New Worlds, New Horizons: Cover of New Worlds, New Horizons in Astronomy and Astrophysics. The Decadal Survey of Astronomy and Adtrophysics outlines a plan for ground- and space-based astronomy and astrophysics through 2019. Another Decadal Survey will be presented in 2020.
Credit: National Academy of Sciences
One of the first things astronomers do every decade is to get together and do a decadal survey. I was part of this last one that was released in 2010. When you're on the panel, you put on the big hat as we call it. We all try to take the attitude that all science is great, and we can't be chauvinists for our own wavelength fiefdom. When we're choosing the missions, and I mean missions in space as well as missions on the ground, we're choosing them based on the most important and interesting science problems. You don't get welfare for your wavelength band: the problem has got to be the most interesting scientifically.

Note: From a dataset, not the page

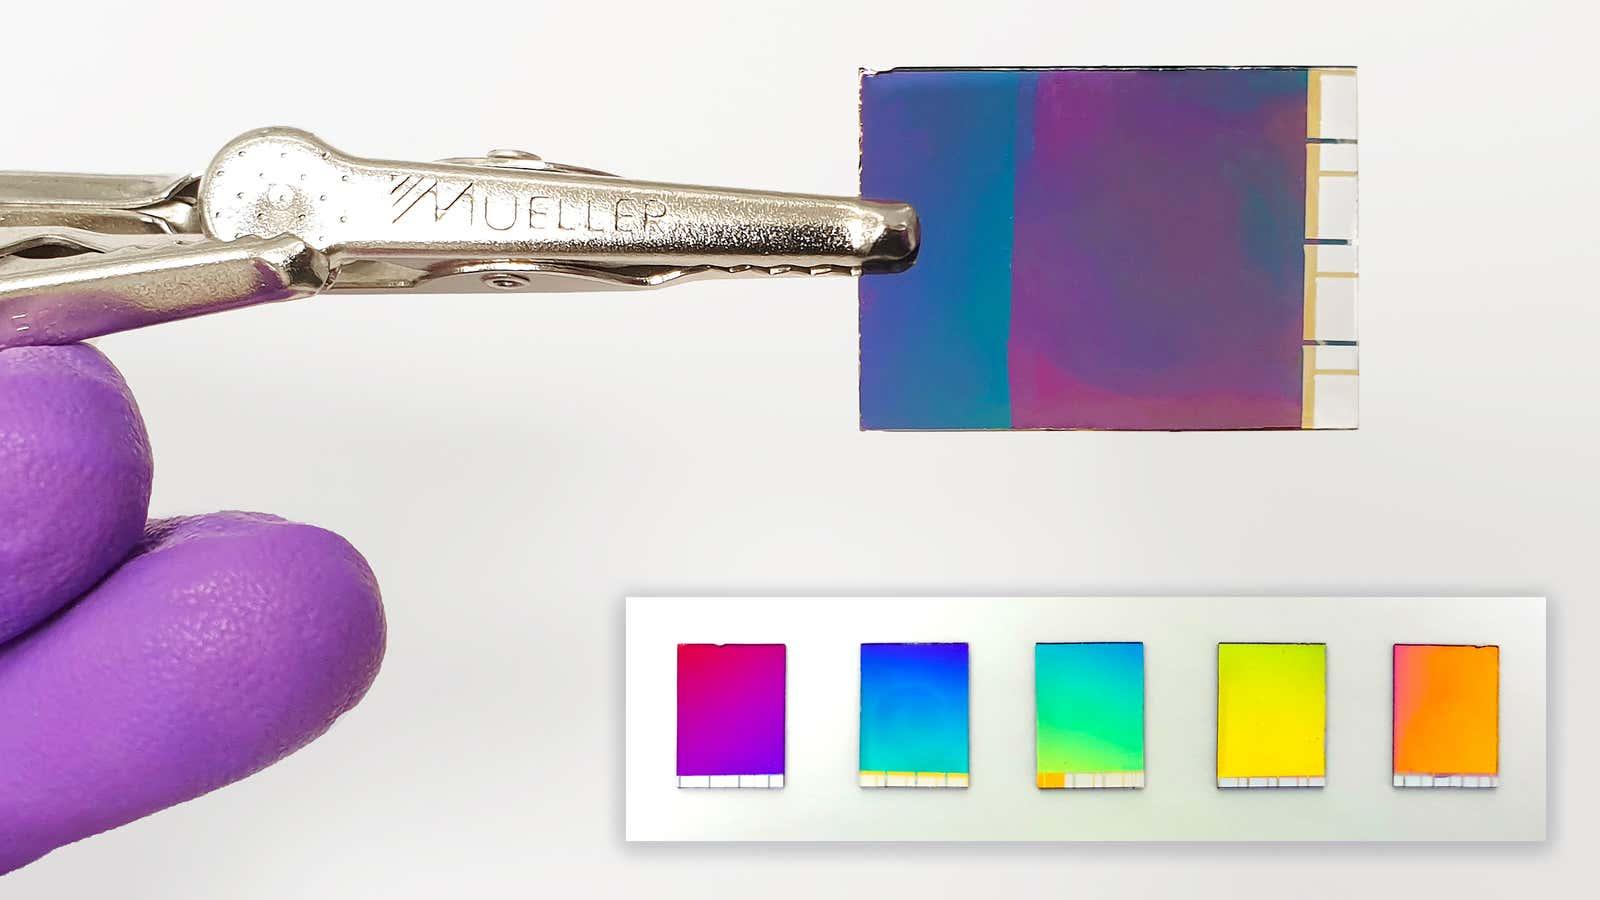 Panel de tinta electrónica a color con forma de papel

The process is contentious in the sense that there are so many good ideas, so many well thought-out projects and telescopes and missions that they can't all be done. There's not enough money. Complicating that is the fact that in the previous decadal survey for astrophysics, the committee underestimated the total cost of the projects they recommended. Consequently, the selected projects haven't all been completed. They have overrun in cost, so there are going to be fewer things done, and what is done is going to take longer.
No one likes cost overruns. I'm remodelling a townhouse right now, and I don't want to hear any nasty surprises like it's going to cost double what they told me. So that's the problem. Not only that, cost overruns dry up the money for the projects we're waiting on. The next decade is then held hostage by the cost overruns of this one. So, you know, get in line.